Task description: For this exercise, output exactly and only the lines running from the one with "Adaptation of Stenotrophomonas" through the final line of the data below, without pictures.

** Data section follows **

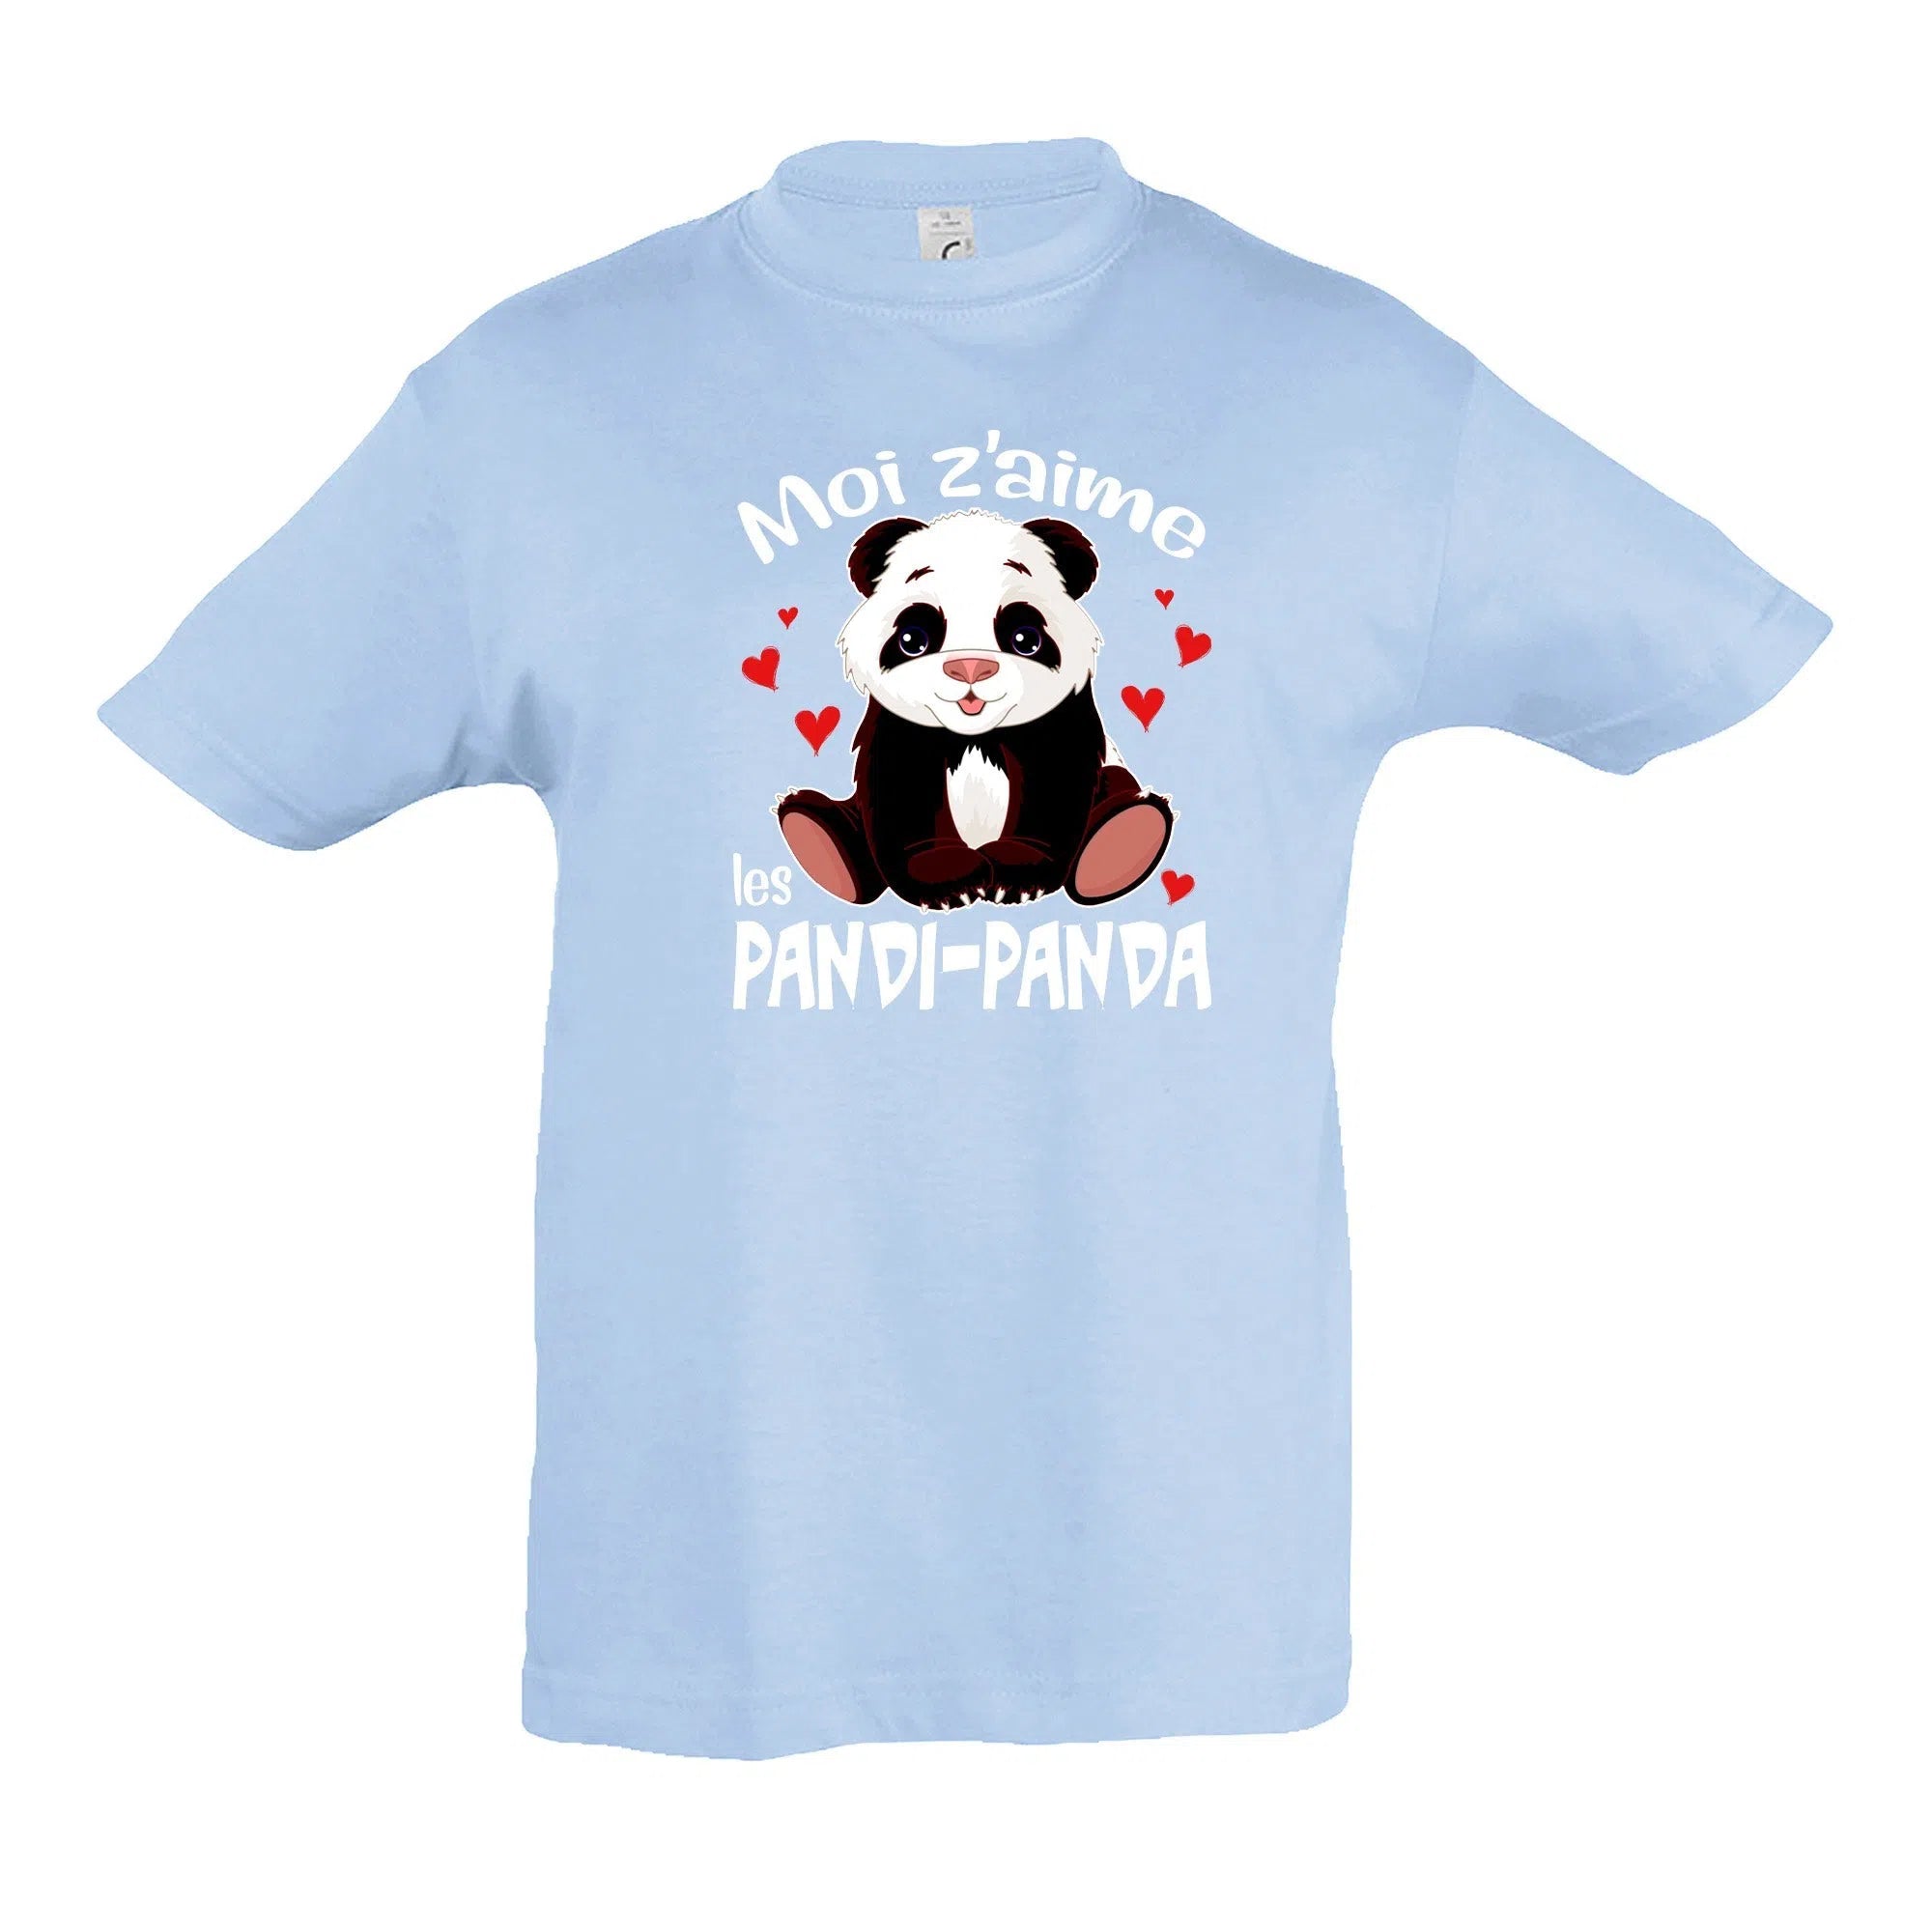 Moi z'aime les pandi-panda-Imagesdartistes
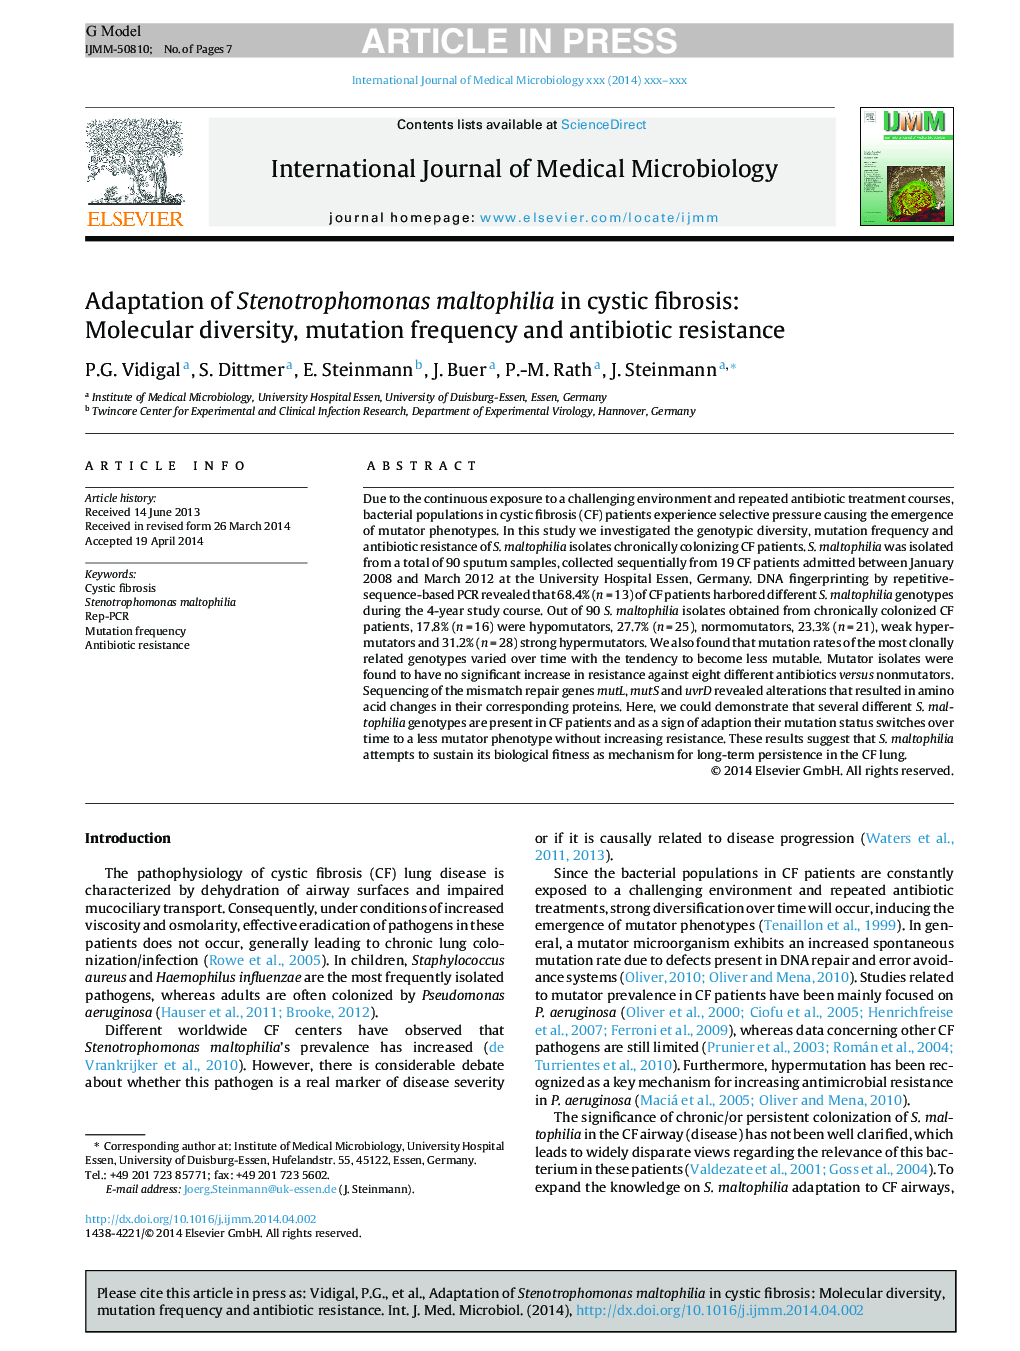 Adaptation of Stenotrophomonas maltophilia in cystic fibrosis: Molecular diversity, mutation frequency and antibiotic resistance
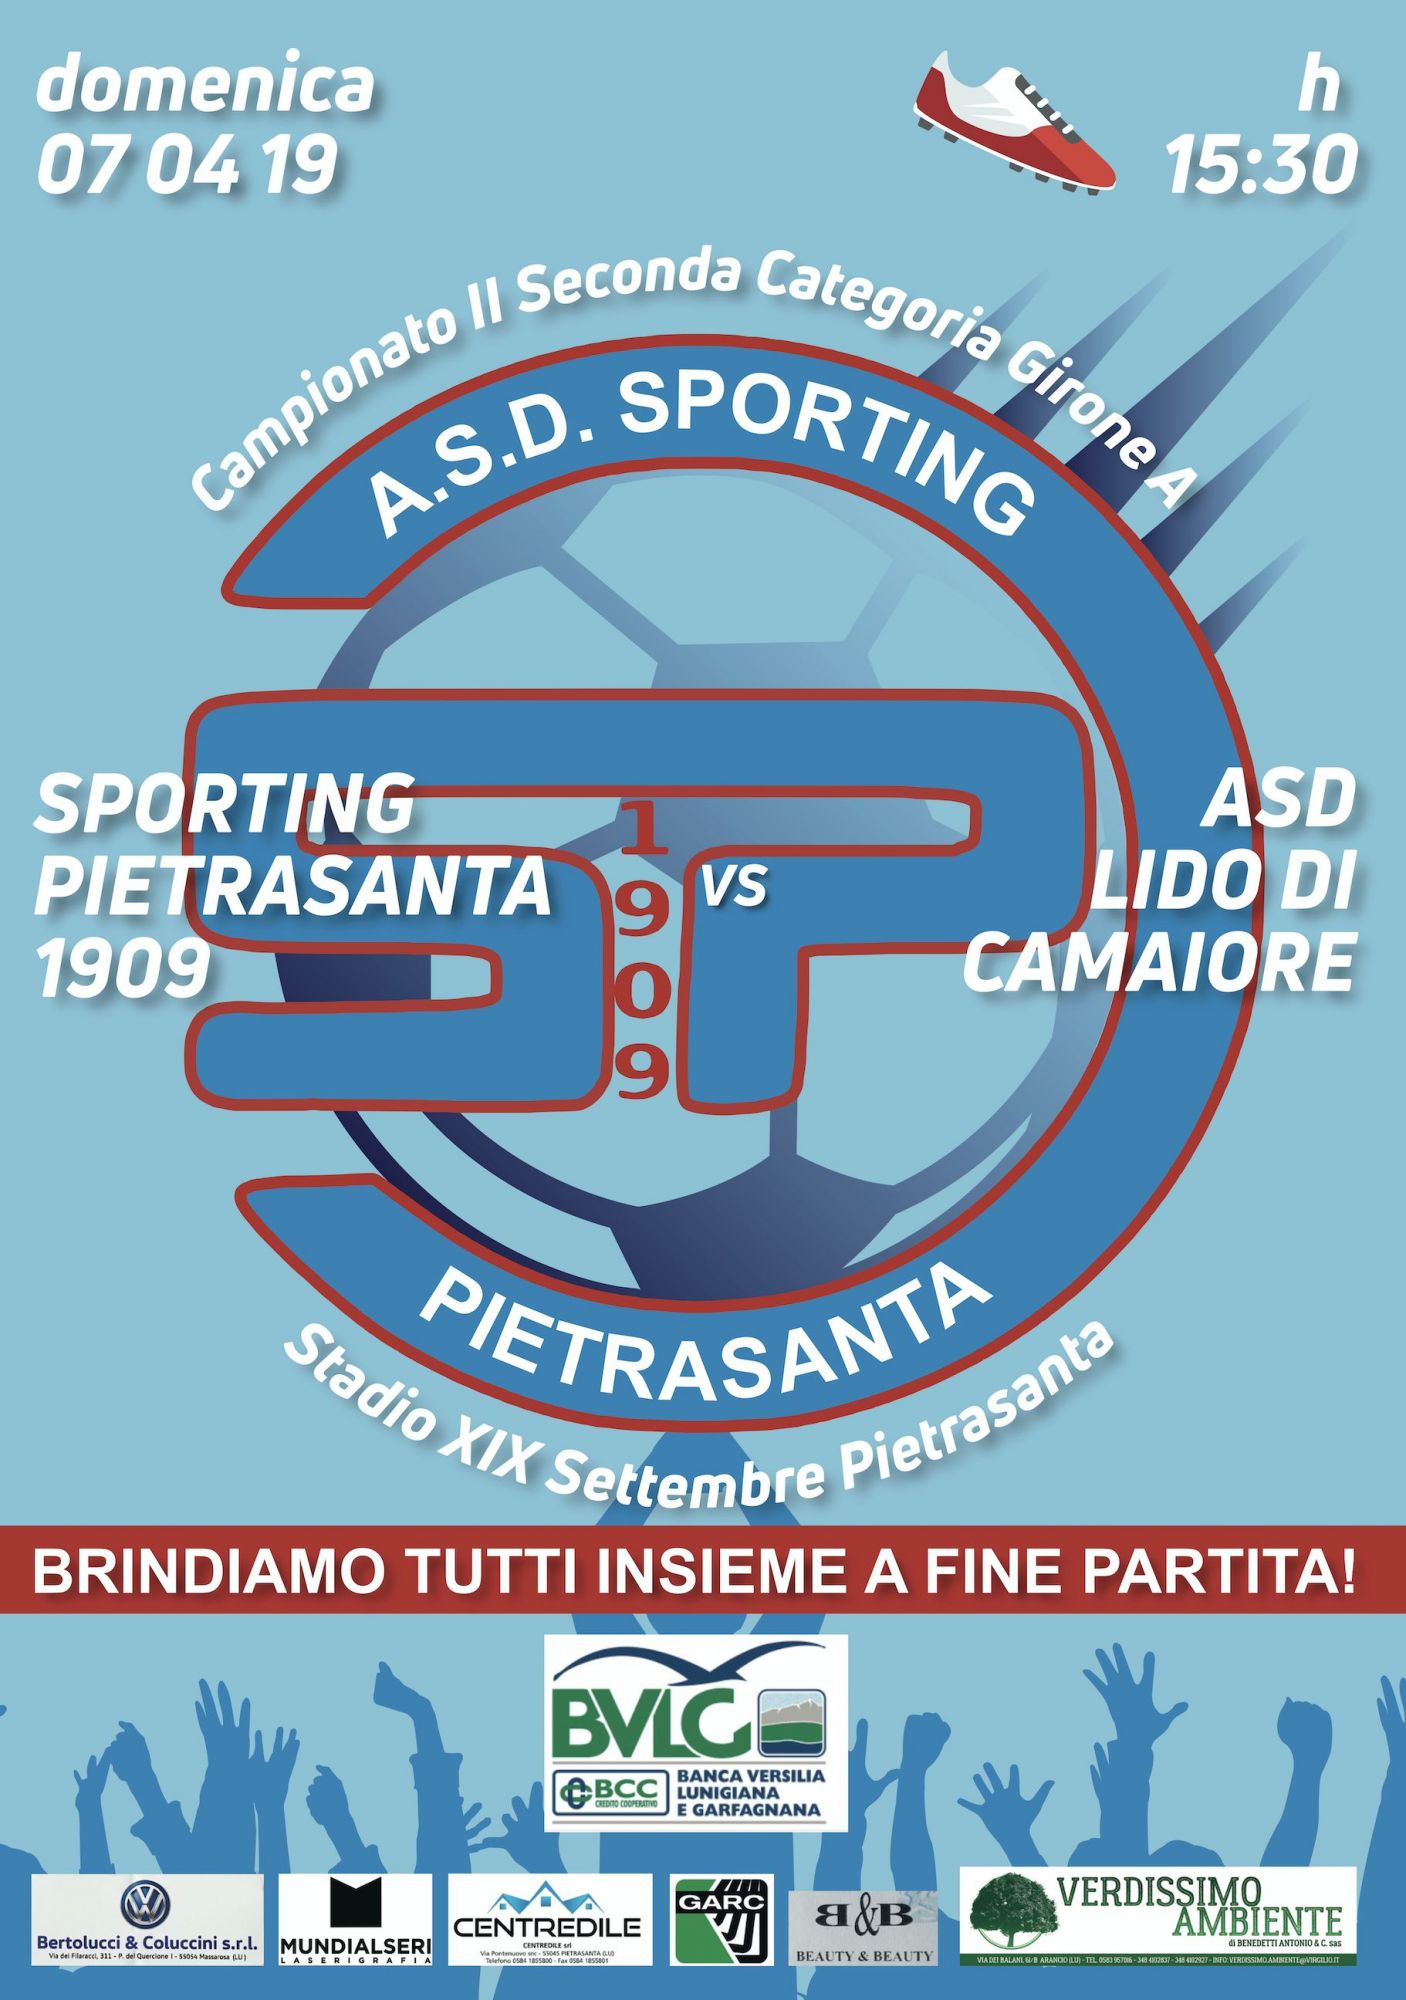 Grande festa per lo Sporting Pietrasanta 1909

** End of Data section **

Problem solution:
 Adaptation of Stenotrophomonas maltophilia in cystic fibrosis: Molecular diversity, mutation frequency and antibiotic resistance
 Grande festa per lo Sporting Pietrasanta 1909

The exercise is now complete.